• DATA SEGMENT:

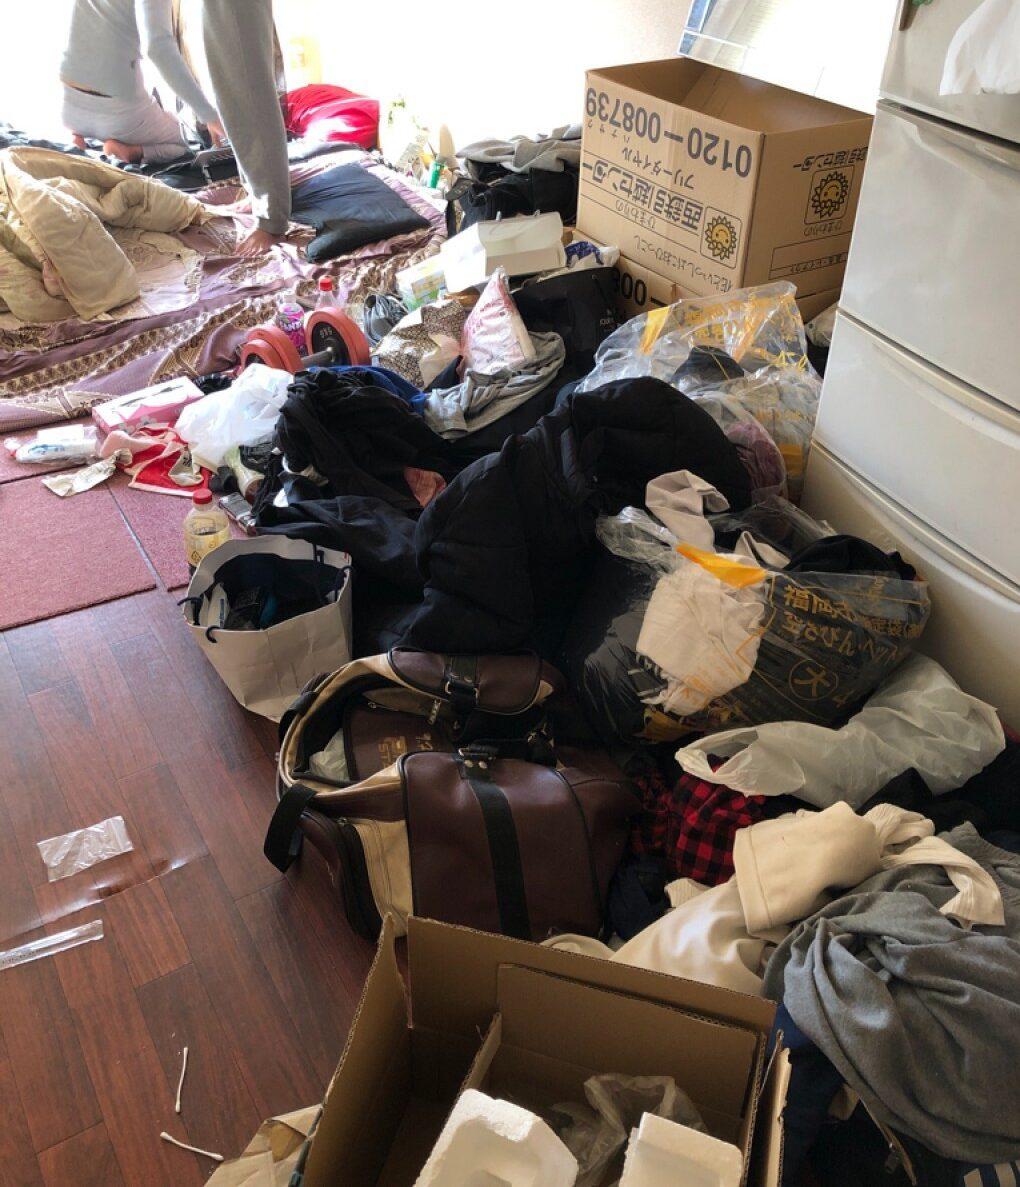 【福岡市中央区】部屋の片付けと不用品の回収・処分ご依頼
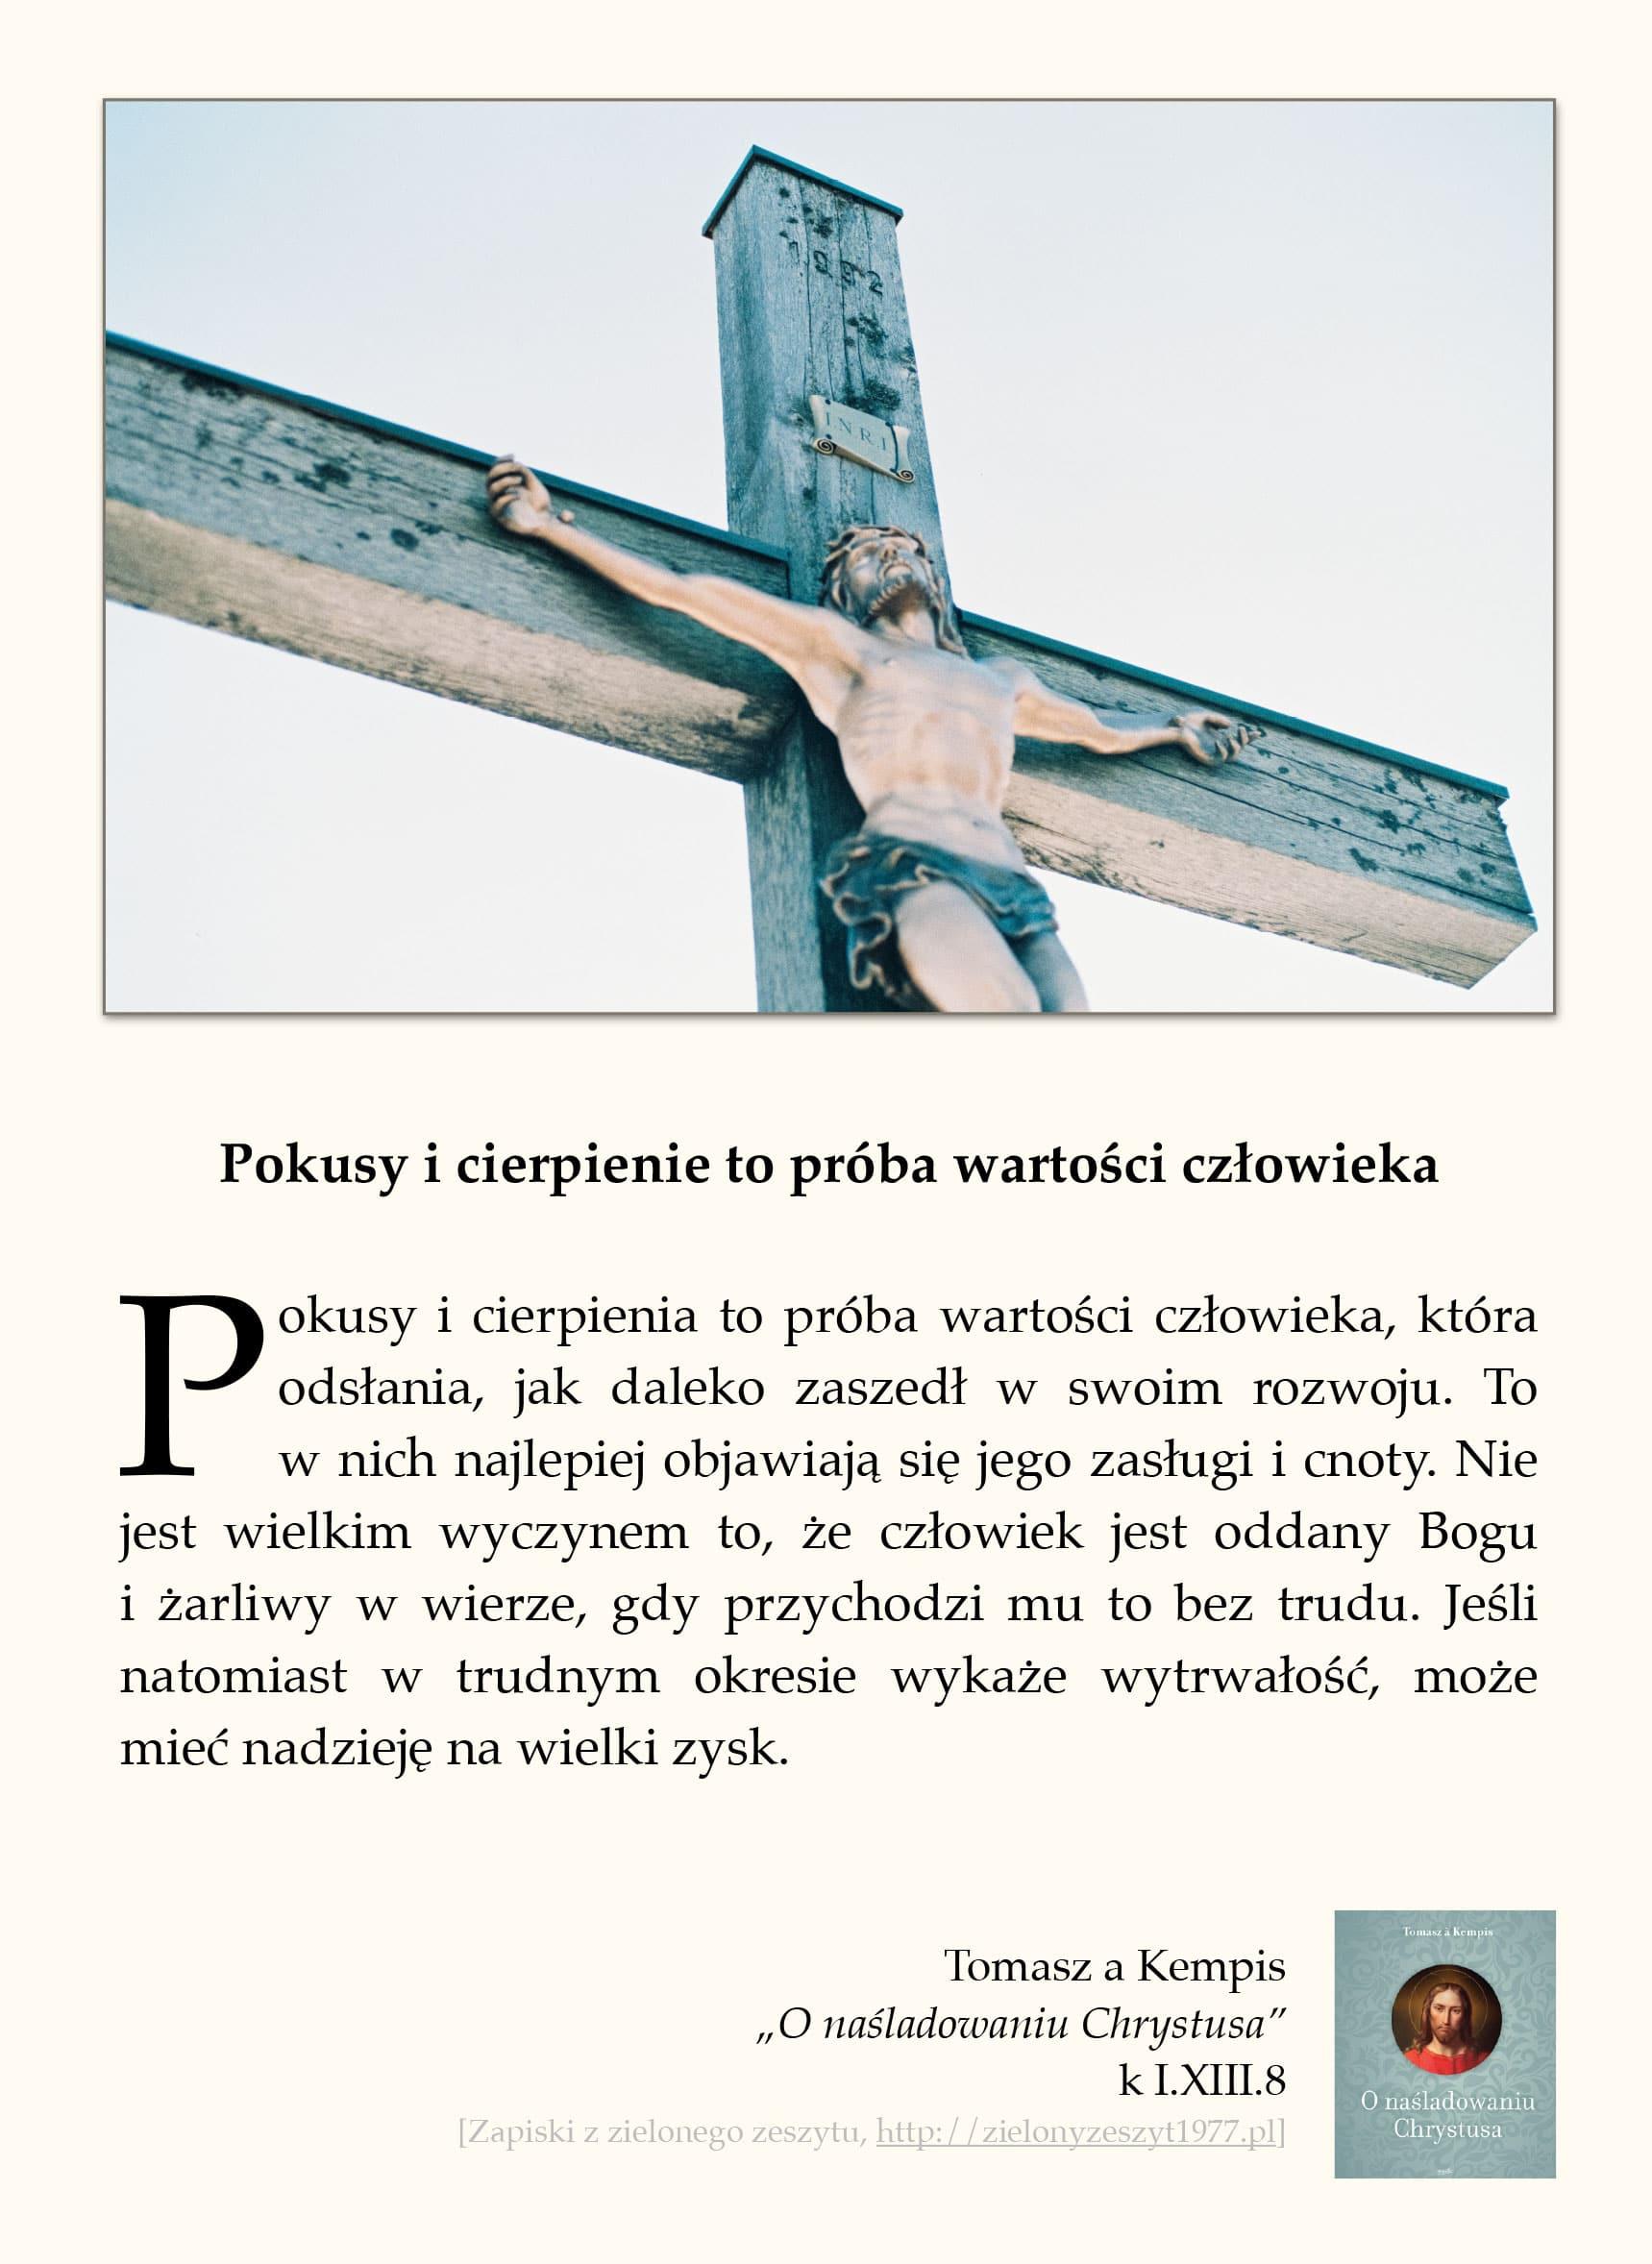 """Tomasz a Kempis, """"O naśladowaniu Chrystusa"""", k I.XIII.8 (Pokusy i cierpienie to próba wartości człowieka)"""
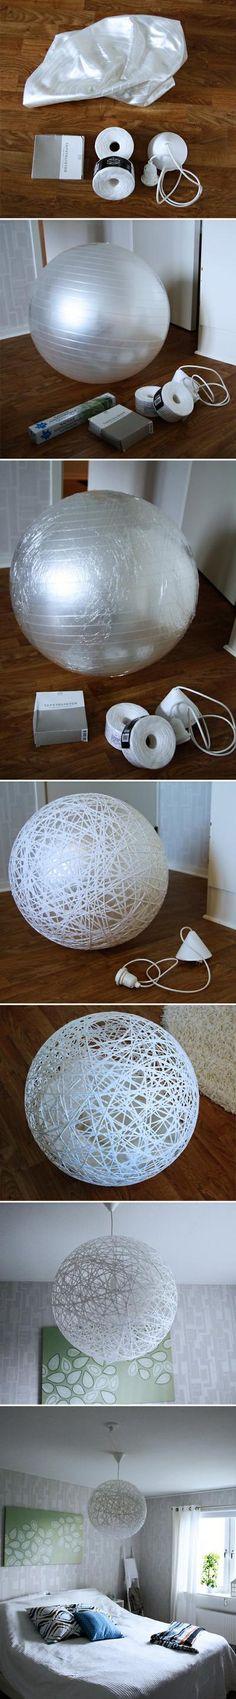 Sehe dir das Foto von Handwerklein mit dem Titel So kann man selber eine super coole Lampe machen. Mit einem Sitzball, Klarsichtfolie, Tapetenkleister und Papiergarn. Ballon aufblasen und dann mit Folie abdecken. Papiergarn darüber verteilen und dann mit Tapetenkleister bepinseln und trocknen lassen. Dann die Luft aus dem Ball lassen und entfernen. und andere inspirierende Bilder auf Spaaz.de an.
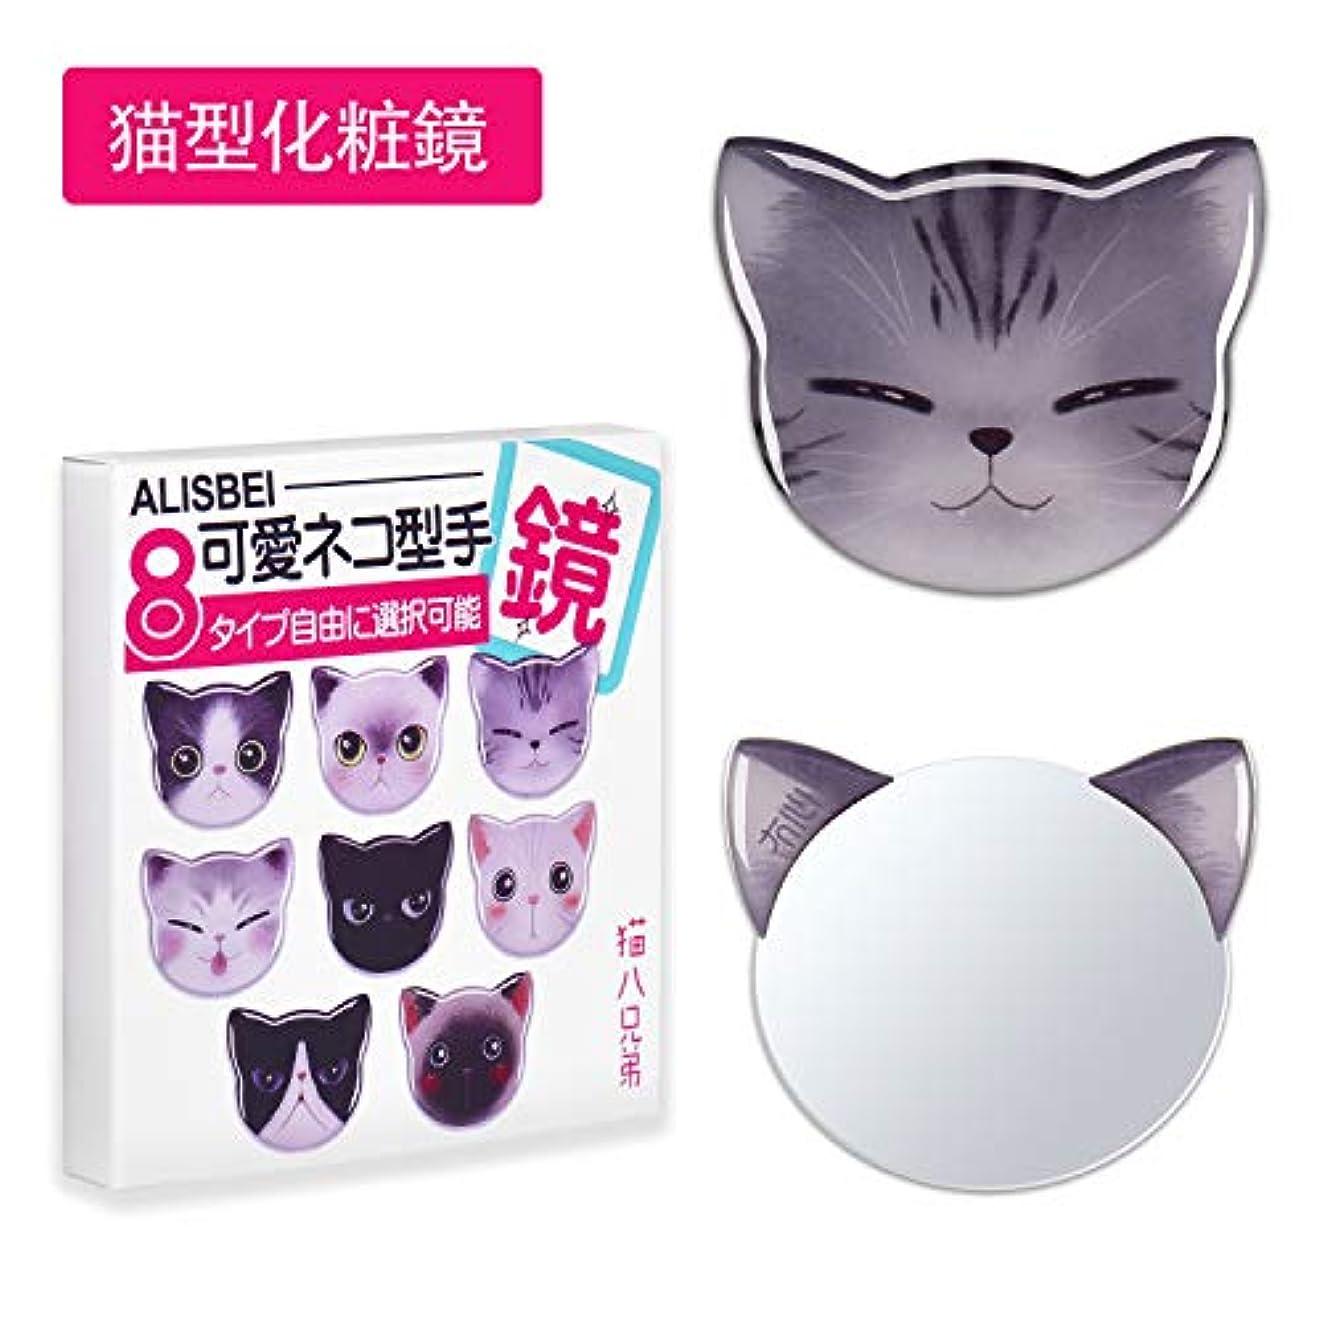 喜ぶ相談するタール携帯ミラー 手鏡 コンパクト 猫柄 8パタン 収納袋付き 割れない 鏡 おしゃれ コンパクトミラー ハンドミラー かわいい (レオン)

• TASK TO COMPLETE: Word for word, return the material, omitting the pictures.

• RESULT OF THIS EXERCISE:
 【福岡市中央区】部屋の片付けと不用品の回収・処分ご依頼
 """Tomasz a Kempis, """"O naśladowaniu Chrystusa"""", k I.XIII.8 (Pokusy i cierpienie to próba wartości człowieka)"""
 Sehe dir das Foto von Handwerklein mit dem Titel So kann man selber eine super coole Lampe machen. Mit einem Sitzball, Klarsichtfolie, Tapetenkleister und Papiergarn. Ballon aufblasen und dann mit Folie abdecken. Papiergarn darüber verteilen und dann mit Tapetenkleister bepinseln und trocknen lassen. Dann die Luft aus dem Ball lassen und entfernen. und andere inspirierende Bilder auf Spaaz.de an.
 喜ぶ相談するタール携帯ミラー 手鏡 コンパクト 猫柄 8パタン 収納袋付き 割れない 鏡 おしゃれ コンパクトミラー ハンドミラー かわいい (レオン)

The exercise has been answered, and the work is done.